Lord Oxburgh has said that he believes the need to tackle climate change will make capturing carbon from power plants “a worldwide industry of the same scale as the international oil industry today”.

The CCS Association has stated that carbon capture could become a “trillion dollar industry” by 2050, but this would happen only if governments made reducing emissions a top political priority. In an interview in 2007, Lord Oxburgh said that the threat from global warming was so severe that “it may be that we shall need . . . regulations which impose very severe penalties on people who emit more than specified amounts of greenhouse gases into the atmosphere”.

The university appointed Lord Oxburgh, a geologist and former chairman of the Lords Select Committee on Science and Technology, after consulting the Royal Society, of which he is a fellow.

Professor Trevor Davies, the university’s pro-vice-chancellor for research, said that the university had been aware of Lord Oxburgh’s business interests but believed that he would lead the panel of six scientists “in an utterly objective way”. The panel will meet in Norwich next month.

He added: “We all have an interest in seeing alternatives to fossil fuel energy sources. This is going to be an issue for us all in future regardless of climate change.

“The choice of scientists is sure to be the subject of discussion, and experience would suggest that it is impossible to find a group of eminent scientists to look at this issue who are acceptable to every interest group which has expressed a view in the last few months. Similarly it is unlikely that a group of people who have the necessary experience to assess the science, but have formed no view of their own on global warming, could be found.”

He said the scientists has been selected because they had “the right mix of skills to understand the complex nature of climate research and the discipline-based expertise to scrutinise CRU’s research”.

Lord Oxburgh, a former chairman of Shell UK, said: “The shadow hanging over climate change and science more generally at present makes it a matter of urgency that we get on with this assessment.
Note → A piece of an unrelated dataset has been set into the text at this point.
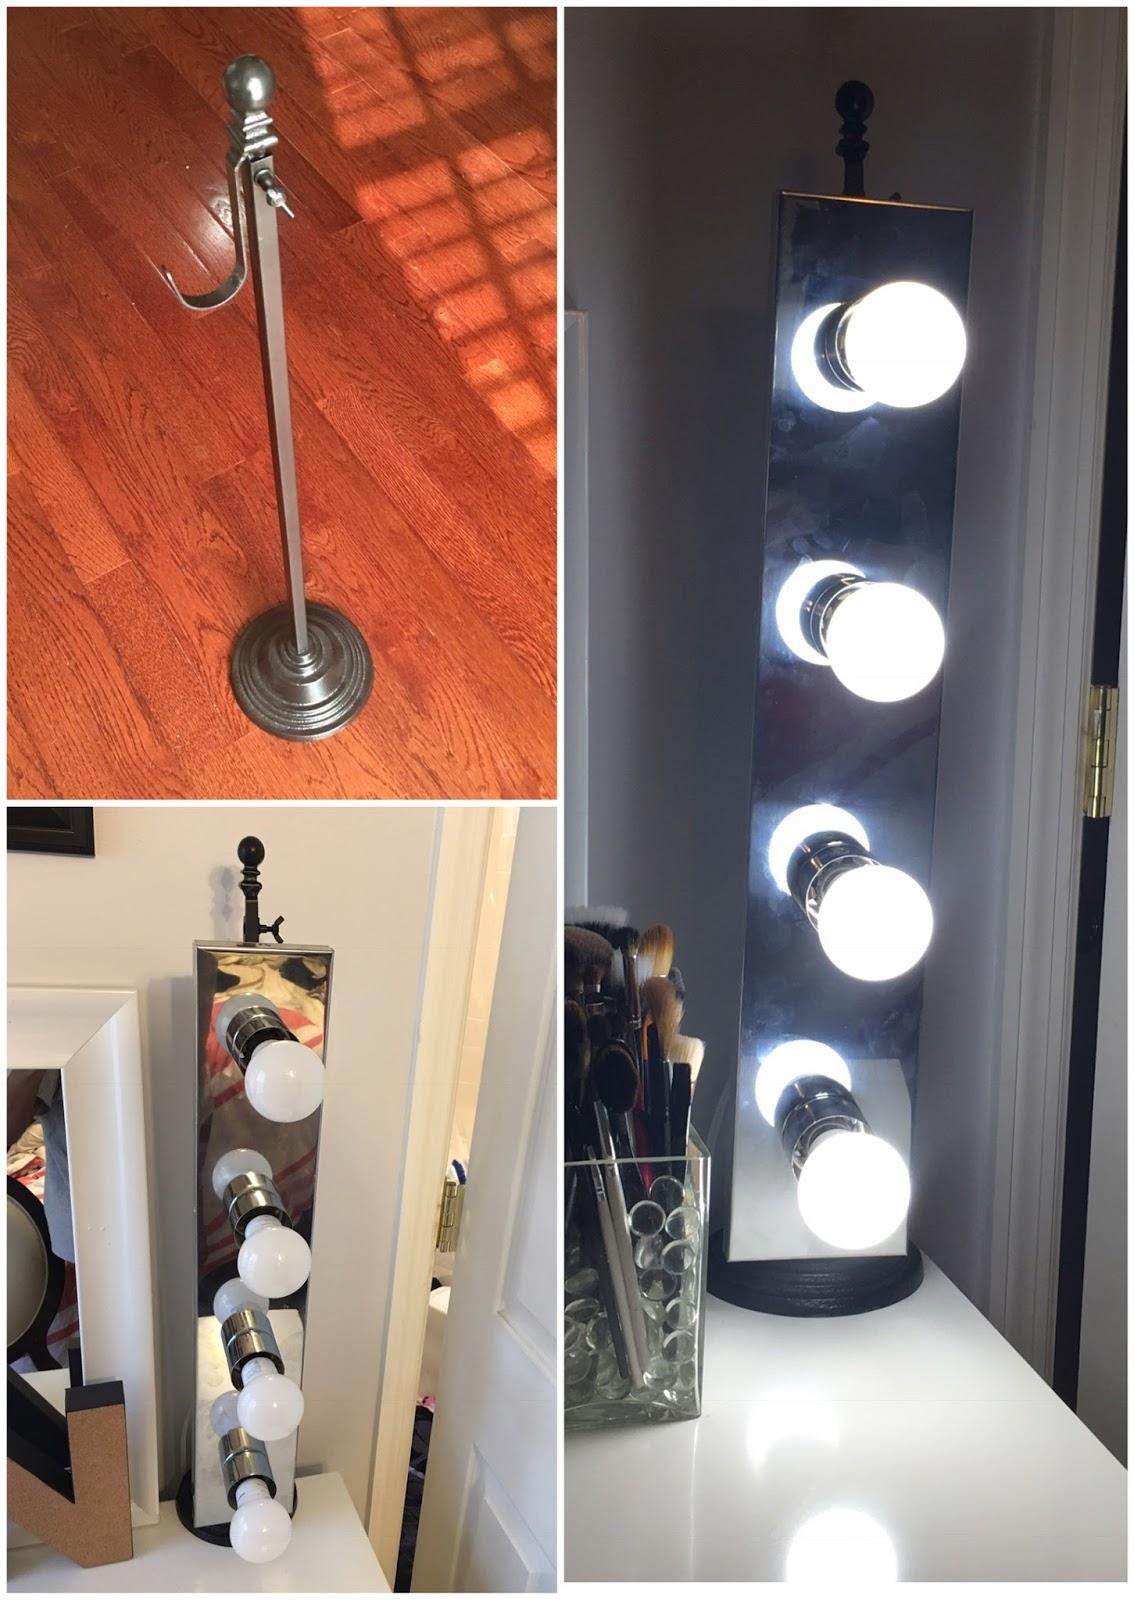 DIY Freestanding Vanity Lighting | DIY Projects By Nina
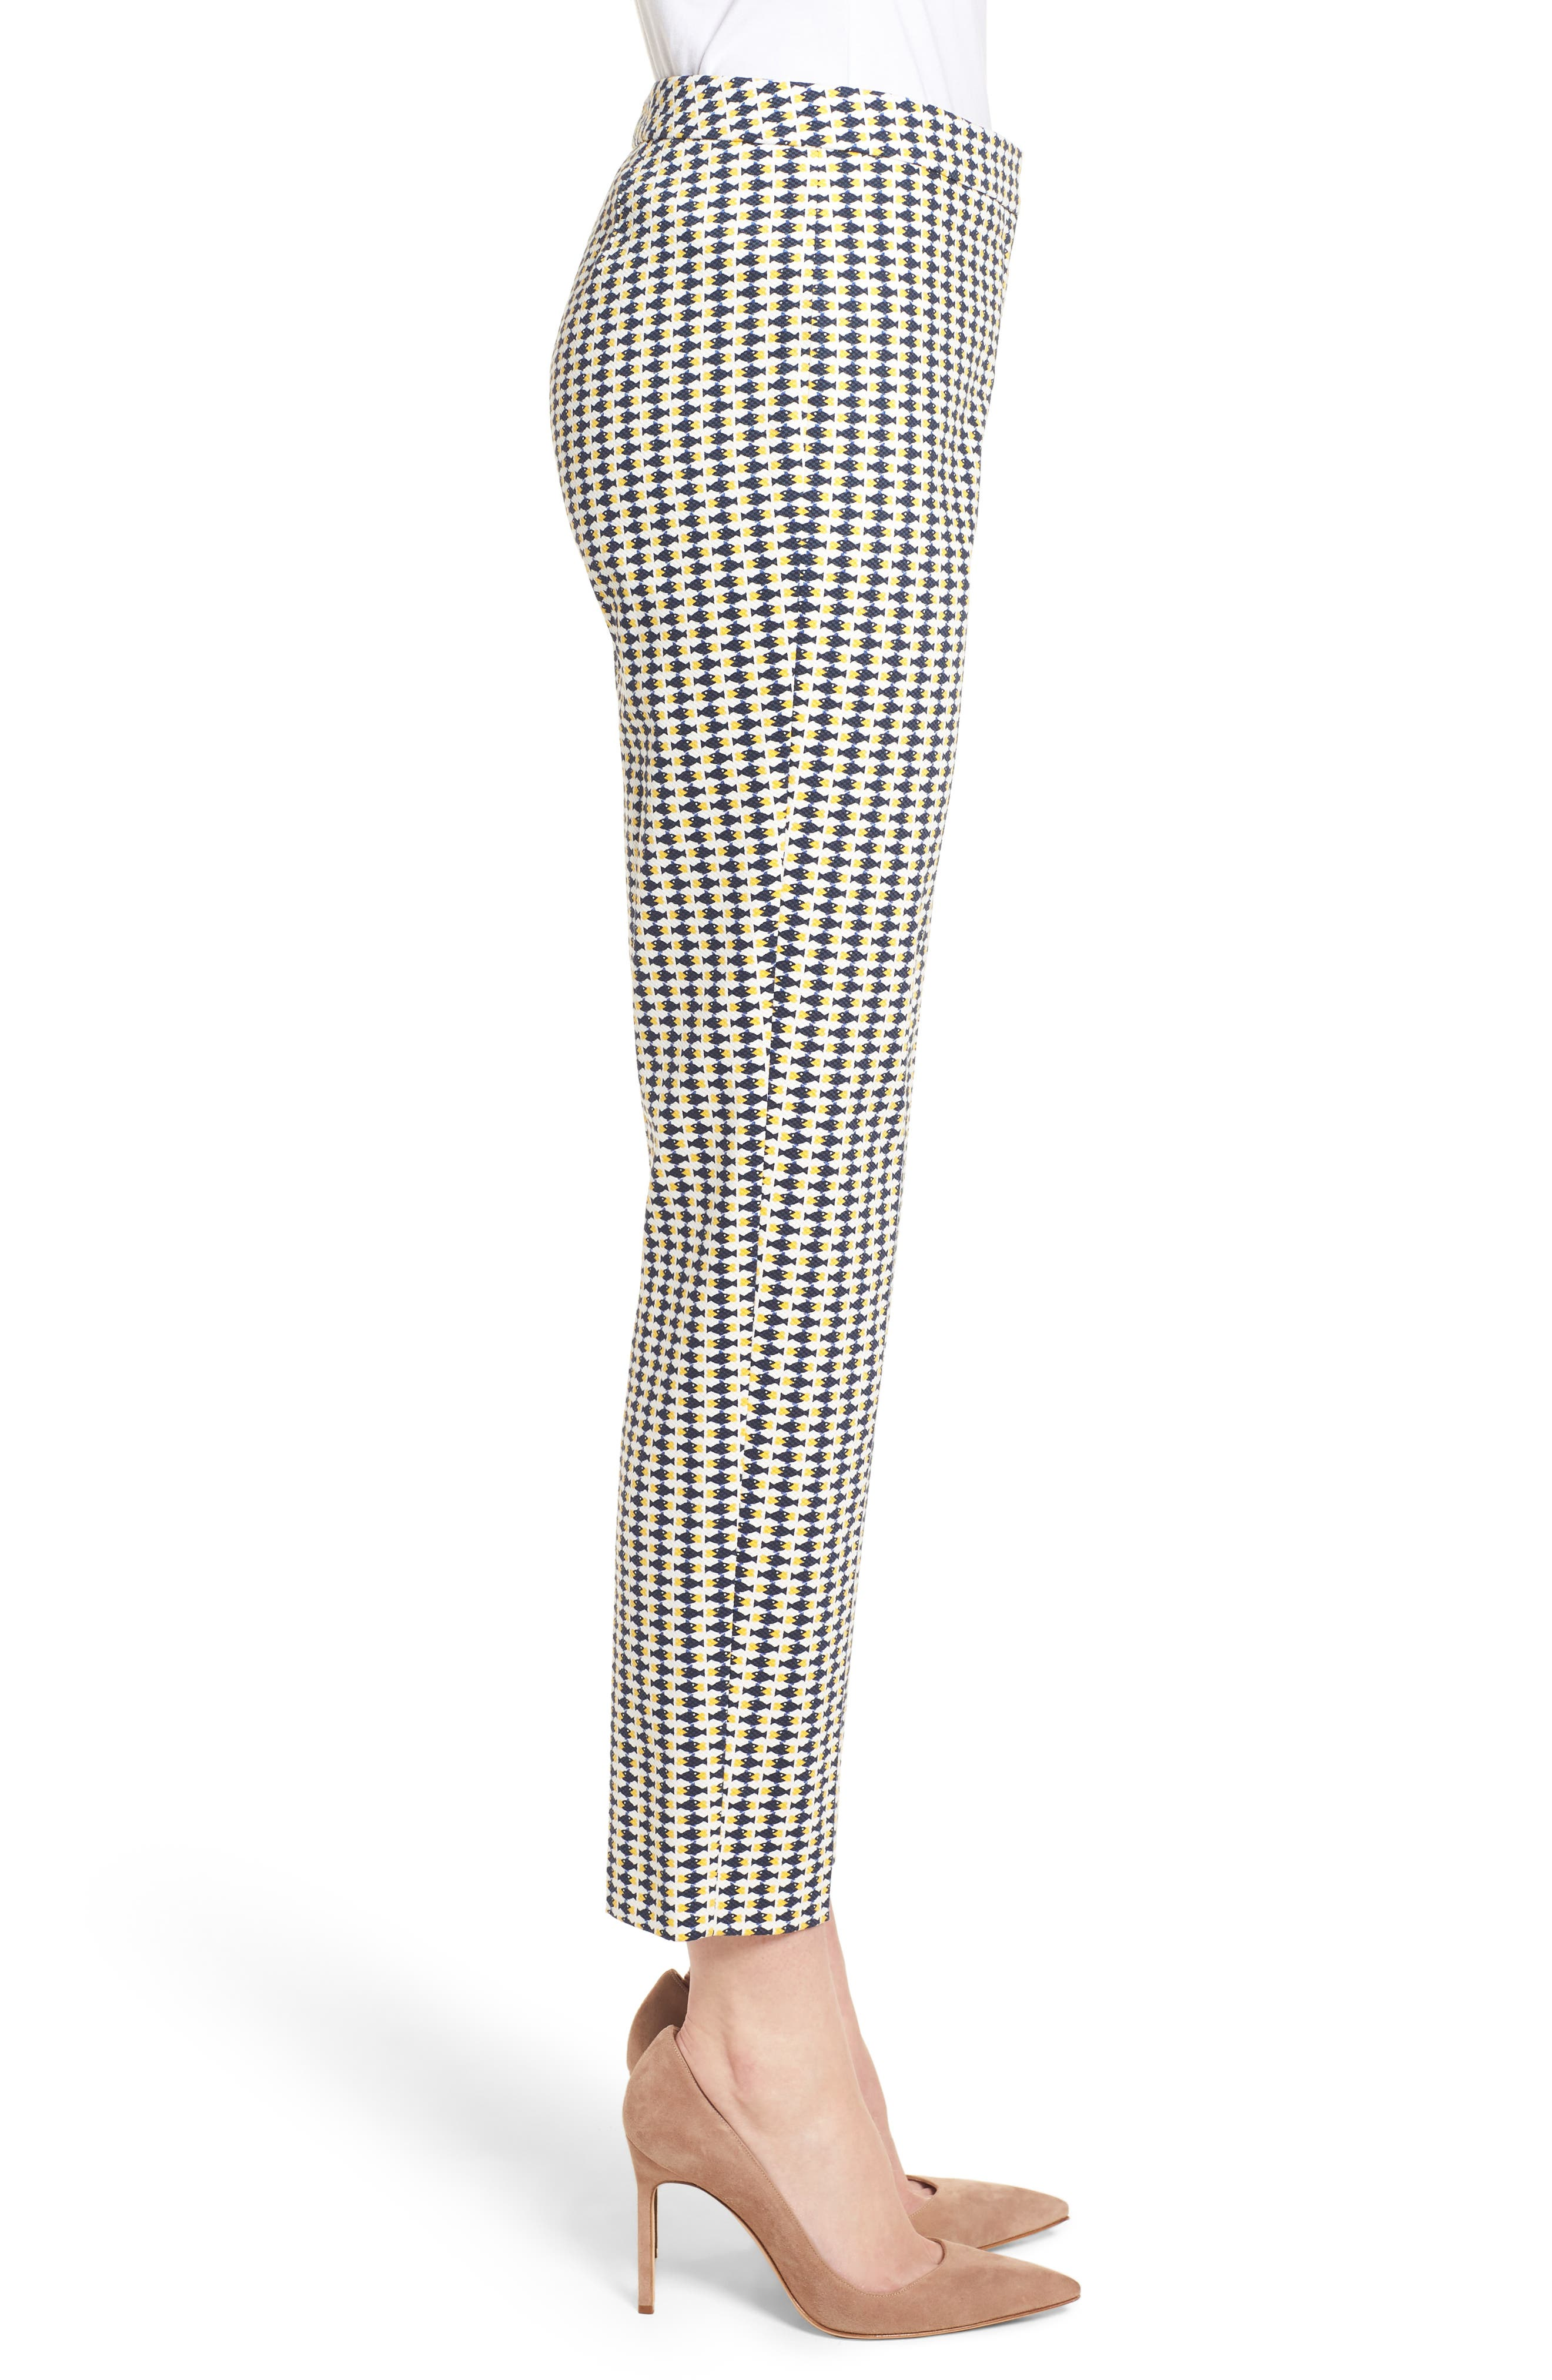 Tiluna6 Heartfish Slim Ankle Trousers,                             Alternate thumbnail 3, color,                             Heart Fishes

We will undertake this work and report as soon as possible.”

The university expects his report to be published before the summer.

The panel members are: Huw Davies, Professor of Physics at the Institute for Atmospheric & Climate Science at ETH Zürich; Kerry Emanuel, Professor of Meteorology at Massachusetts Institute of Technology; Professor Lisa Graumlich, Director of the School of Natural Resources and the Environment at the University of Arizona; David Hand, Professor of Statistics in the Department of Mathematics at Imperial College, London; Herbert Huppert, Professor of Theoretical Geophysics at the University of Cambridge; and Michael Kelly, Prince Philip Professor of Technology at the University of Cambridge. They will be given access to CRU’s original data and be able to interview its scientists.

Professor Bob Watson, Chief Scientific Adviser to the Department for Environment, Food and Rural Affairs, said: “I strongly support the choice of chair and panel members — all world class — and the terms of reference. This should lead to a critical evaluation of the quality of the CRU science.”